_Requirement_
Data follows below. Repeat exactly the lines between the line holding "Ingredients shown: bucatini" and the line holding "Kama Sutra en", inclusive, and nothing more; drop pictures.

_Data listing_
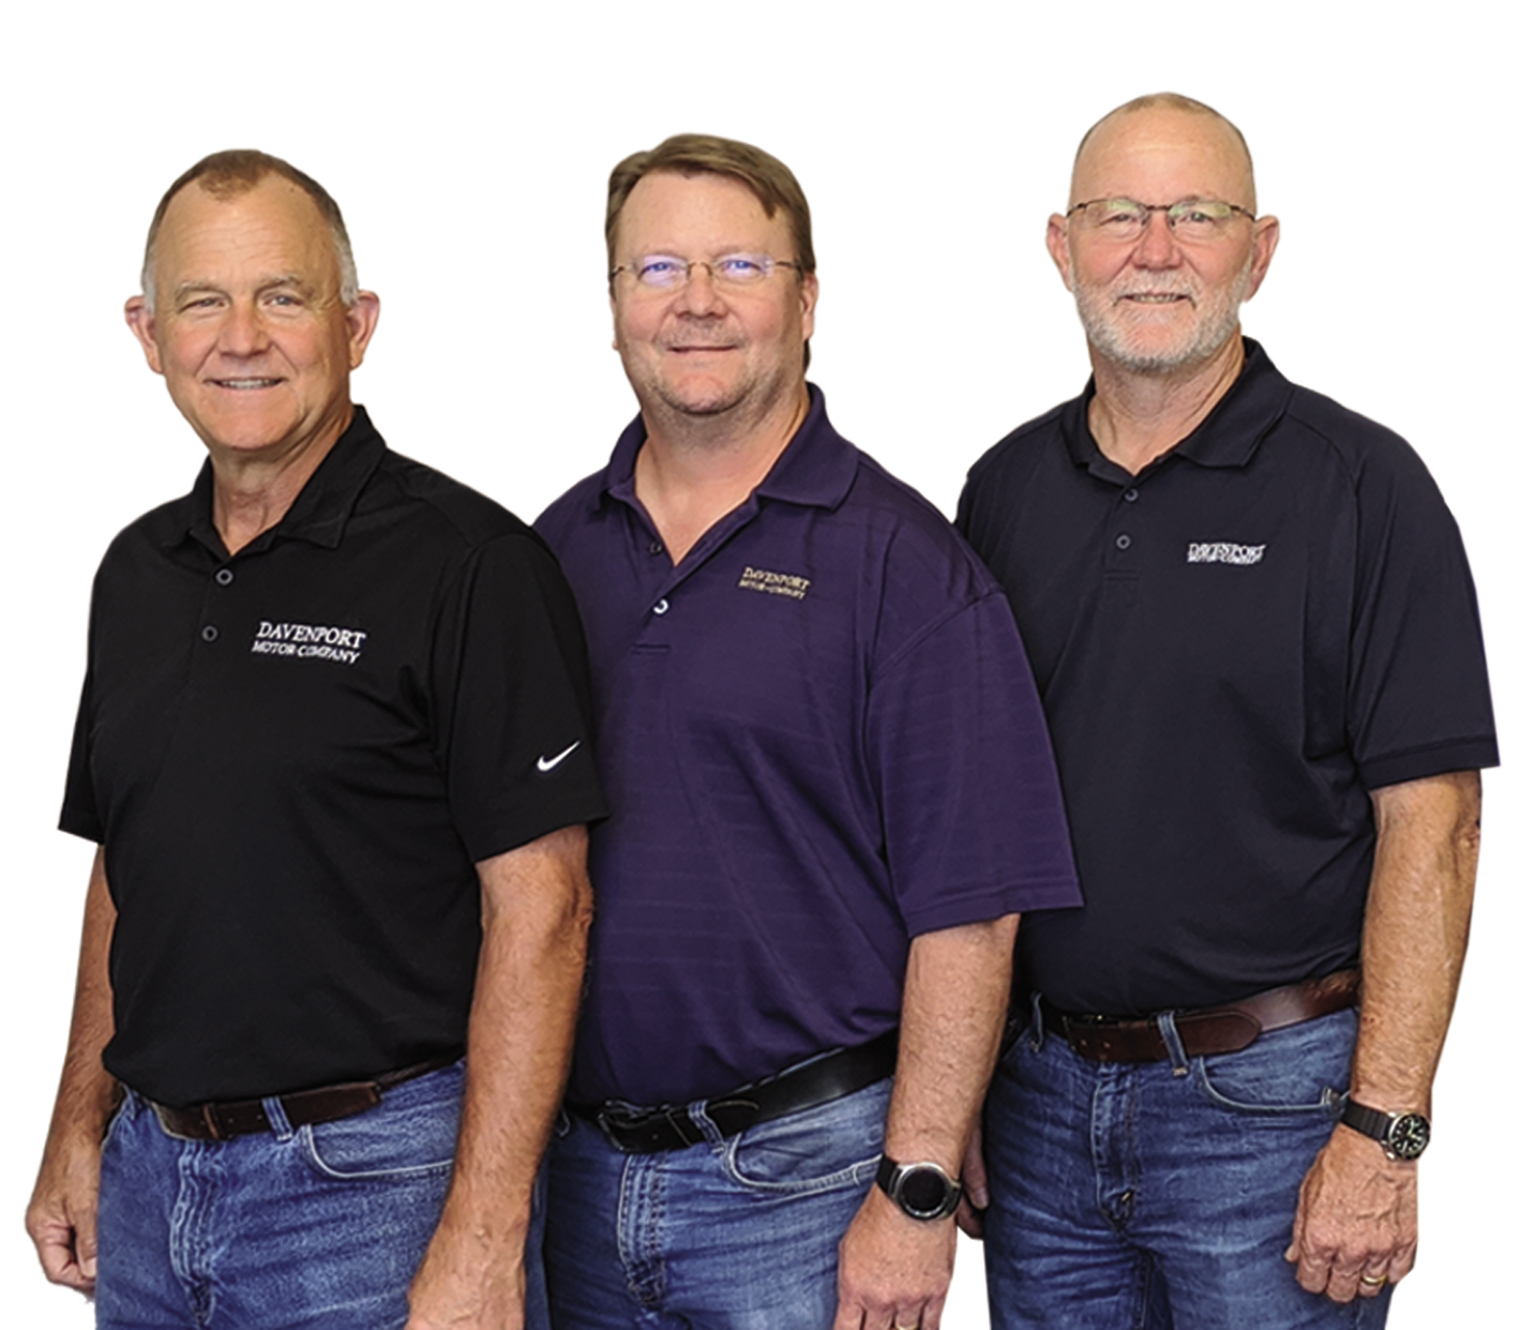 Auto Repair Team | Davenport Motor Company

--

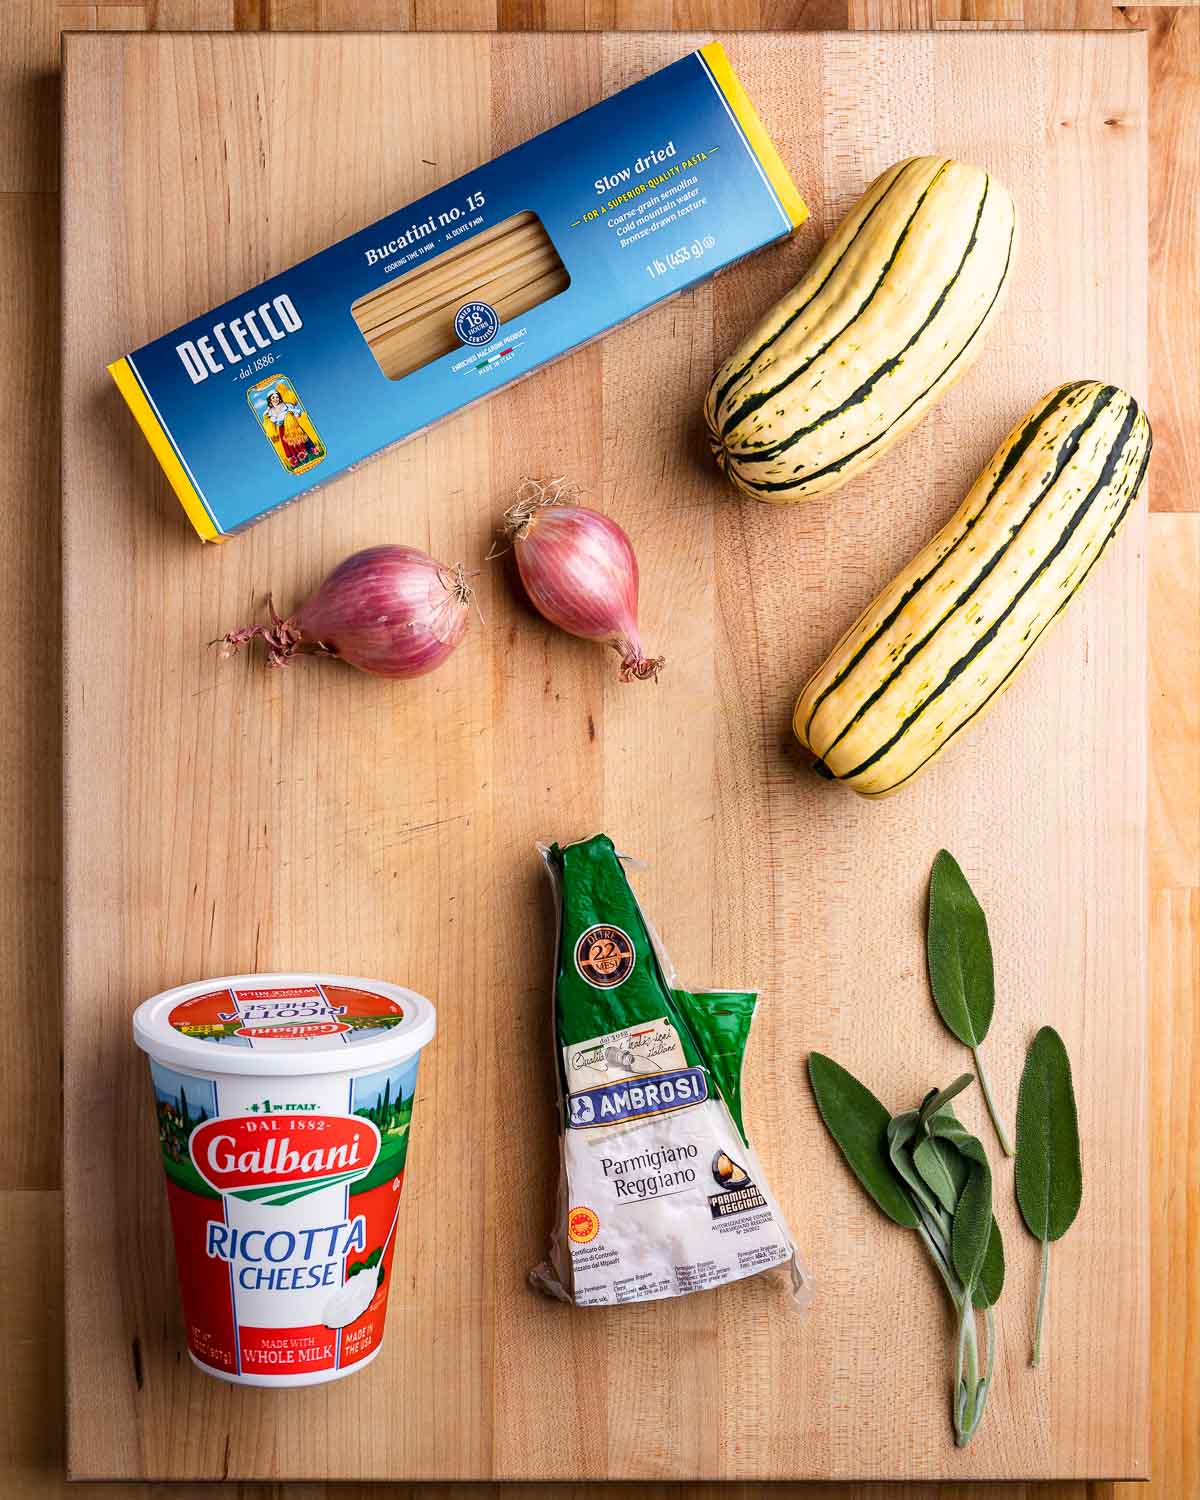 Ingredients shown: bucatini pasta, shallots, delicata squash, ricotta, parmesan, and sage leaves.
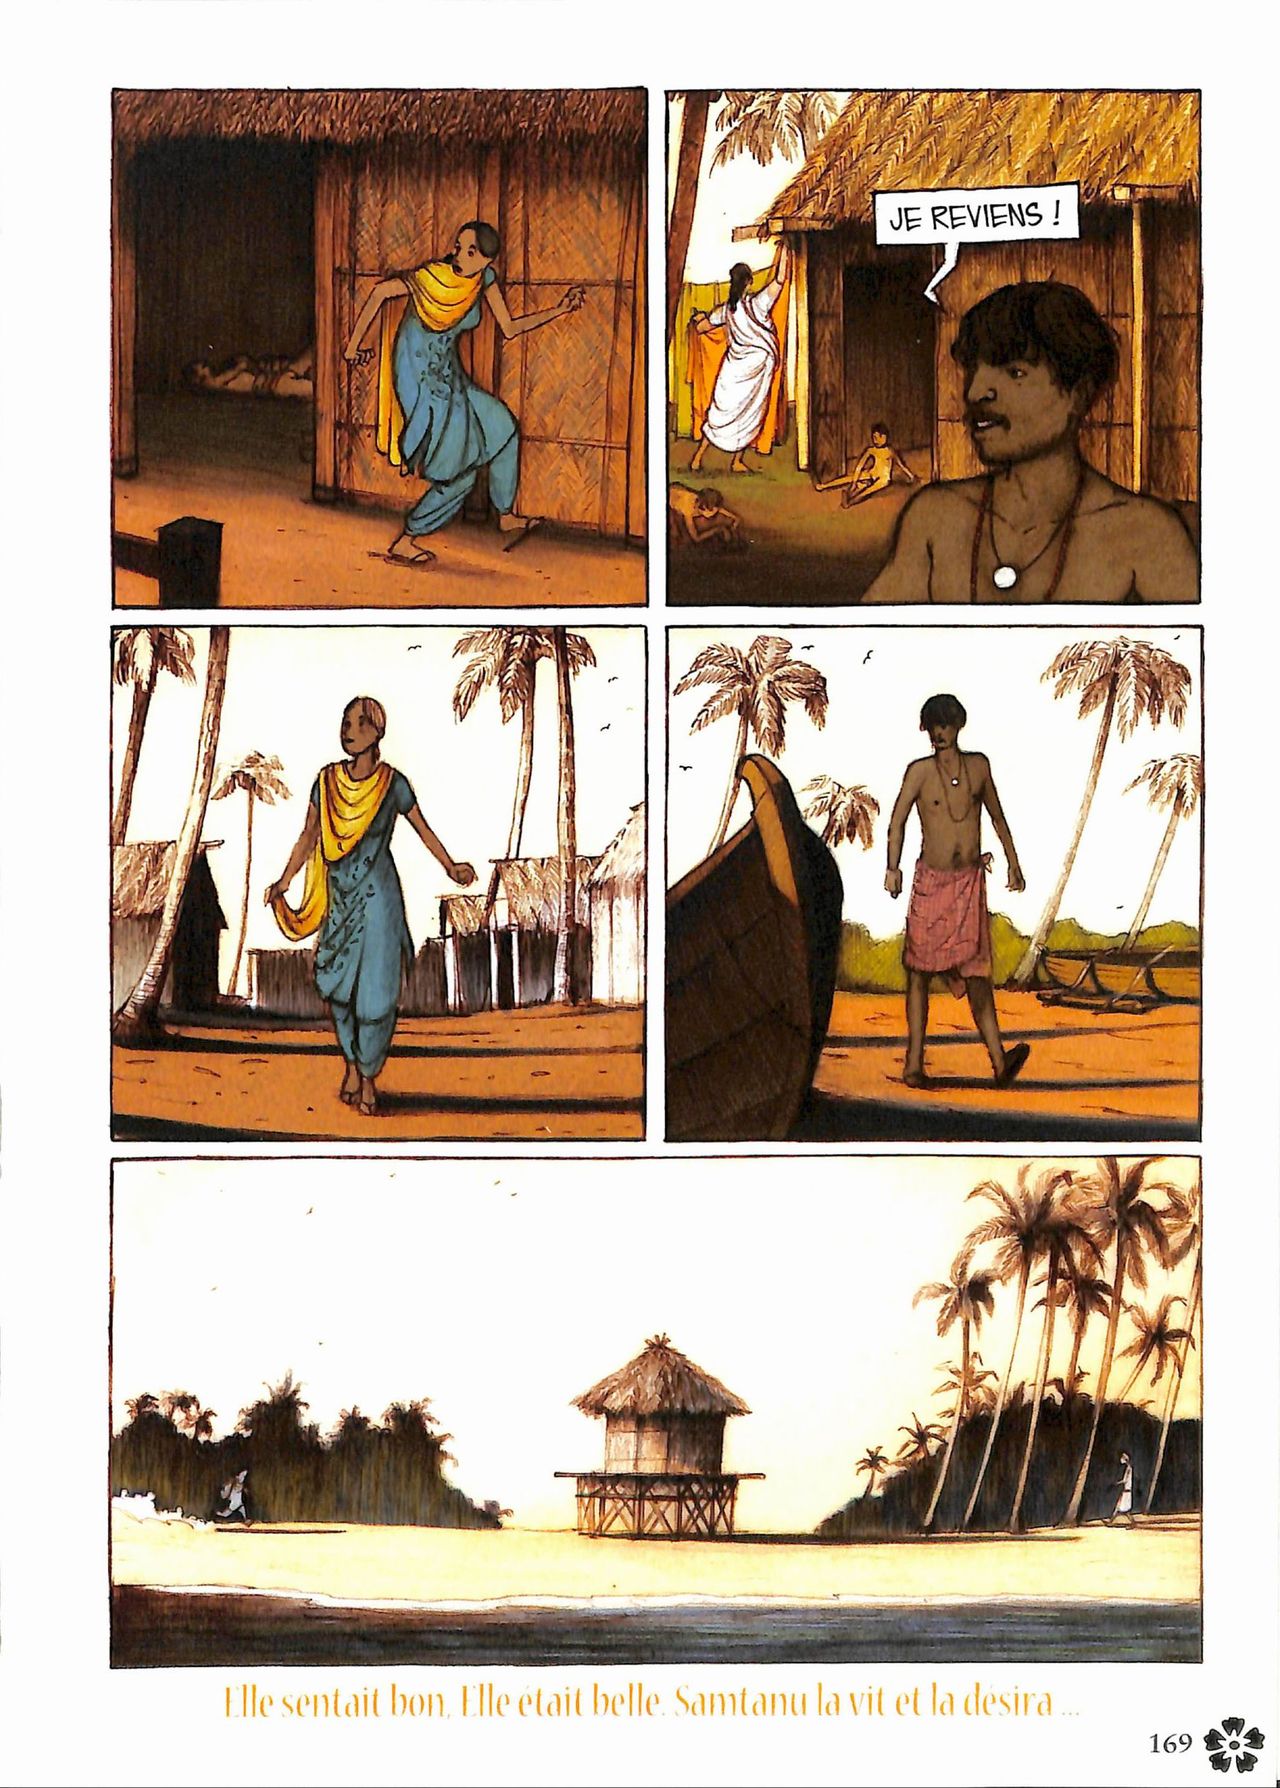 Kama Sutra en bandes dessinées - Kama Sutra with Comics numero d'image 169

* * *

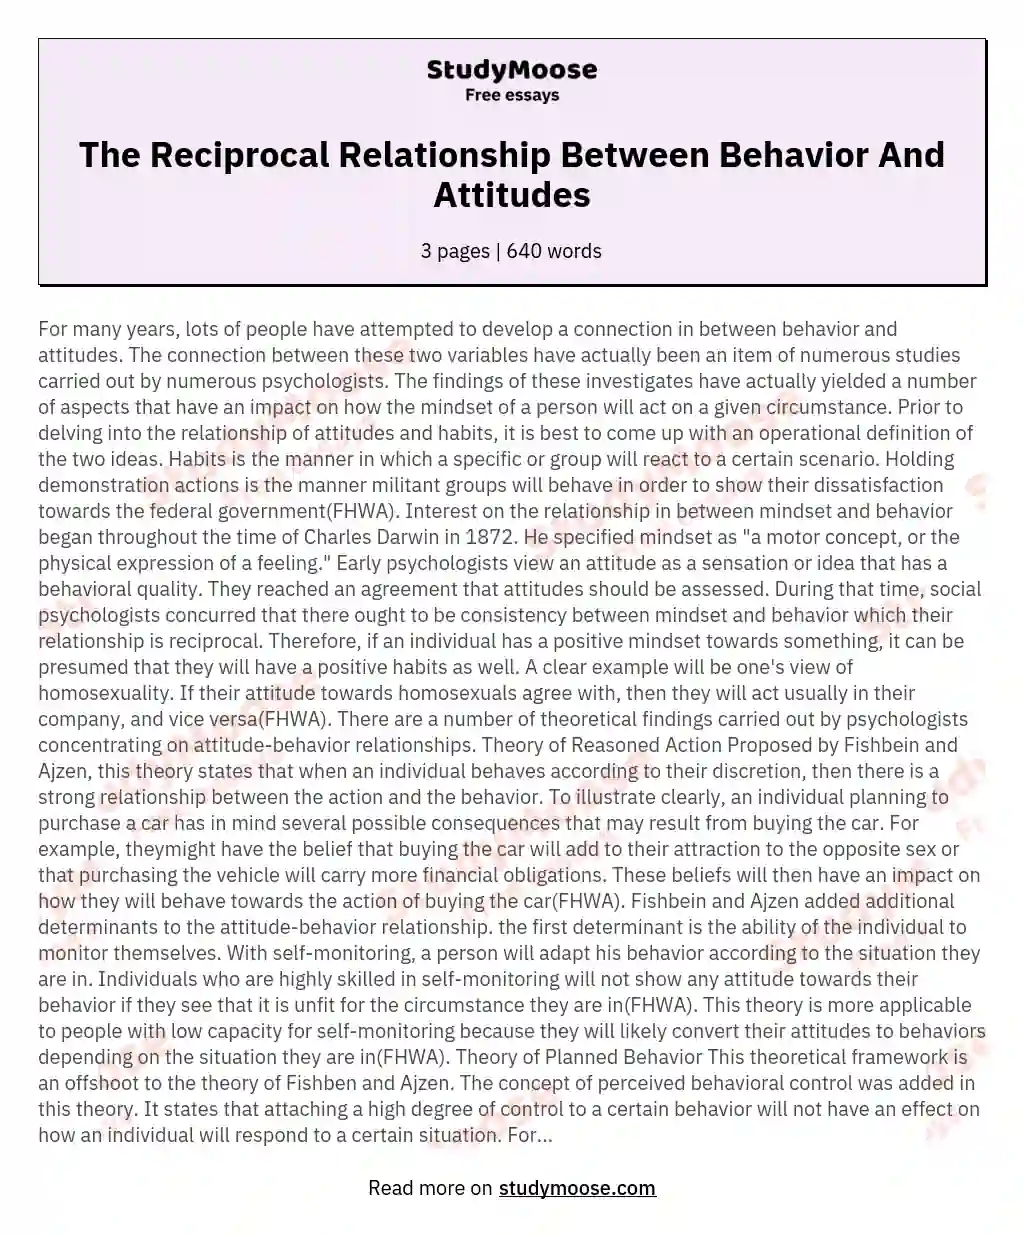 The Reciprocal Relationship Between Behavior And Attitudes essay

_Solution to the problem_
 Ingredients shown: bucatini pasta, shallots, delicata squash, ricotta, parmesan, and sage leaves.
 Kama Sutra en bandes dessinées - Kama Sutra with Comics numero d'image 169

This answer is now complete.